La Habana.- A Cortés no lo dejaban tranquilo ni pa’ morirse. La gente del pueblo lo buscaba para todo. Nunca quiso dirigir, pero era el palito barquillero de todo lo que se perdía en Hutemias. Lo mismo asistir a un parto que para arreglar un techo. Pa’ allá iba Cortés con las herramientas que hicieran falta. Era el «utiliti» de todo el mundo. Hasta pa cuidar chamas en lo que los padres hacían otro. No le decía que no a nada. Cuando más: «hoy estoy enreda’o con una vaca paría pero mañana paso por su conuco».

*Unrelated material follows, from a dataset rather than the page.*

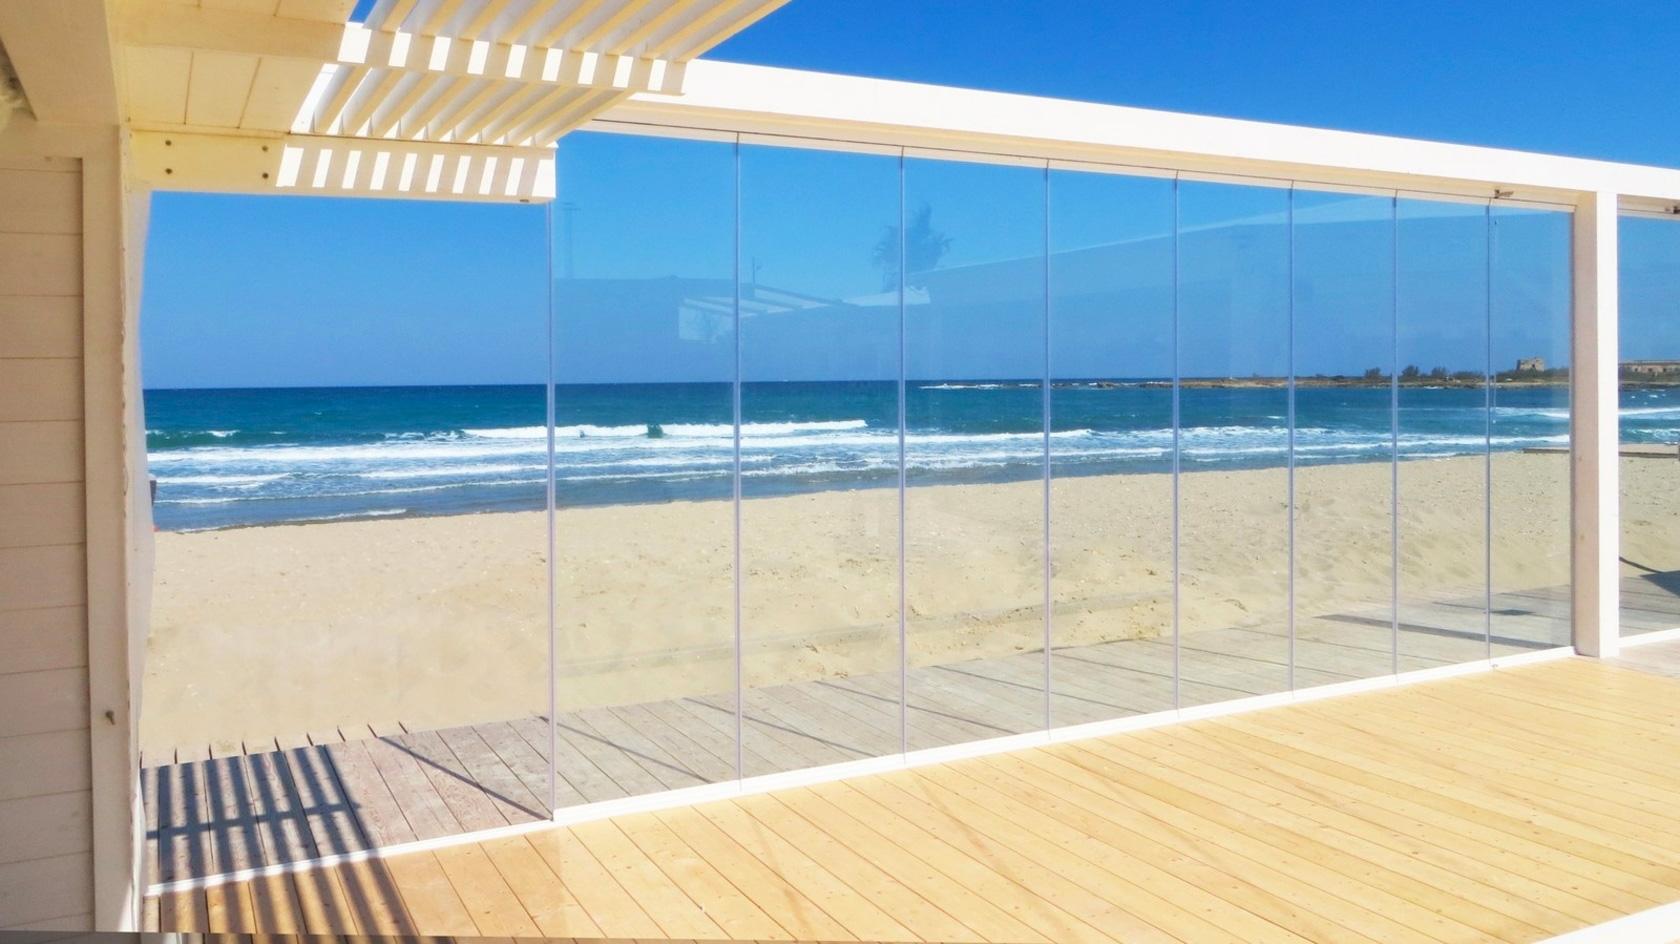 vetrata scorrevole su spiaggia
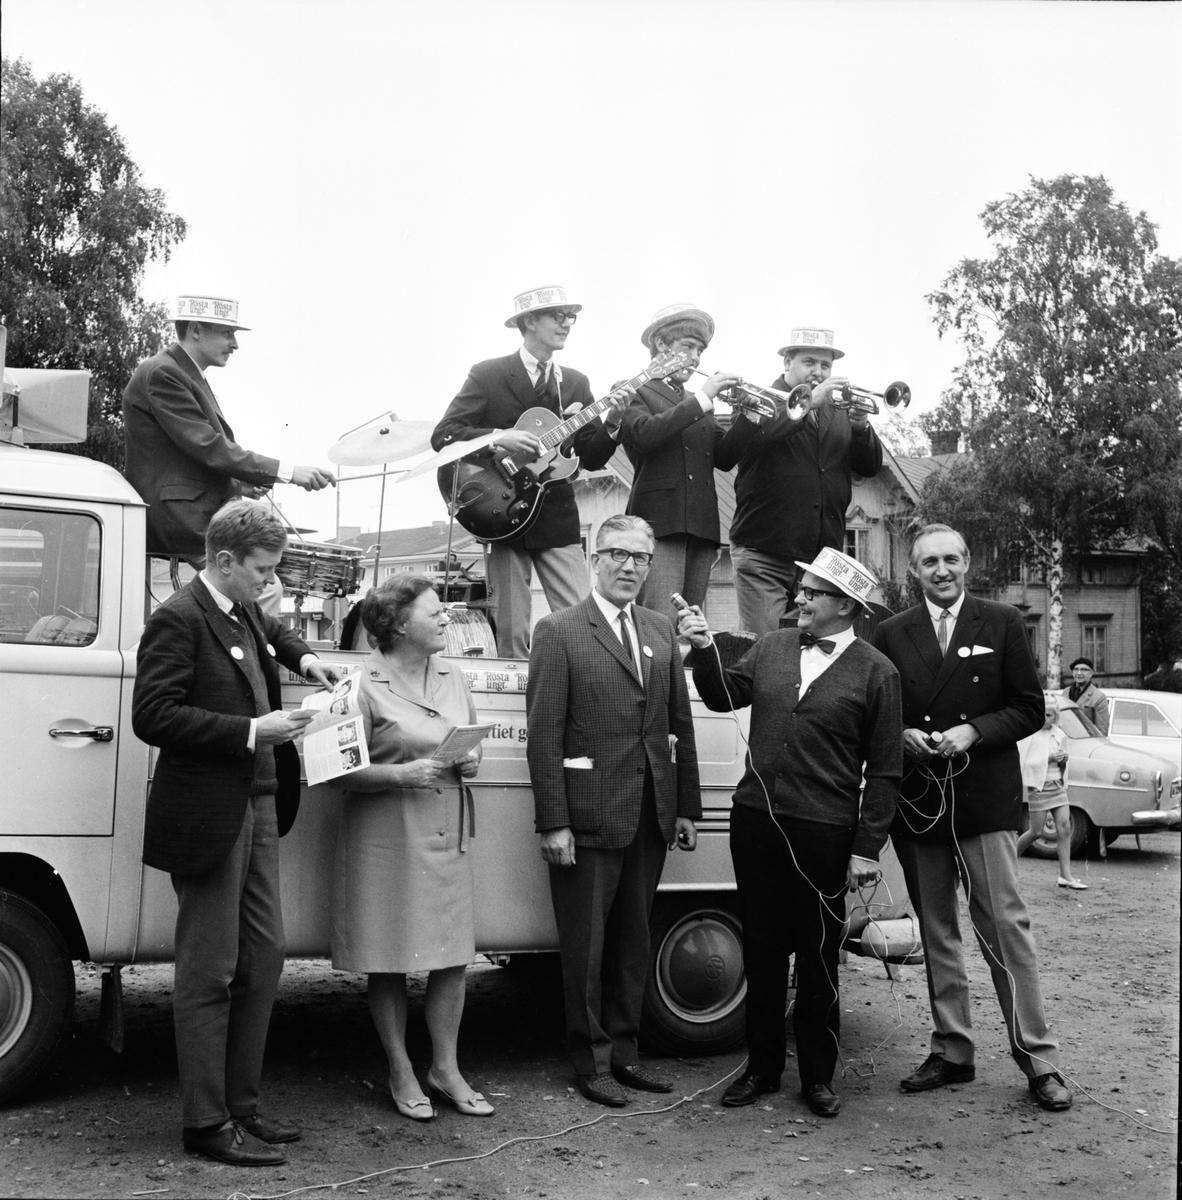 Arbrå. Valet 1968

Fue combatiente de la clandestinidad, estuvo en Angola y Etiopía… Ya te digo, donde se perdía un bateo, allí estaba el tipo, sonriente. En Hutemias no decían «lo cortés no quita lo valiente», decían: «pa’ valiente, Cortés».

Se puso viejo un buen día. O uno malo para el pueblo, porque empezó a no poder subirse en los techos, ni montear una chiva escapá, ni cargarle los cubos a una casa sin bomba de agua. Y nadie sabe si por viejo o porque dejó de hacer las cosas que siempre hacia, otro mal día Cortés cayó en cama.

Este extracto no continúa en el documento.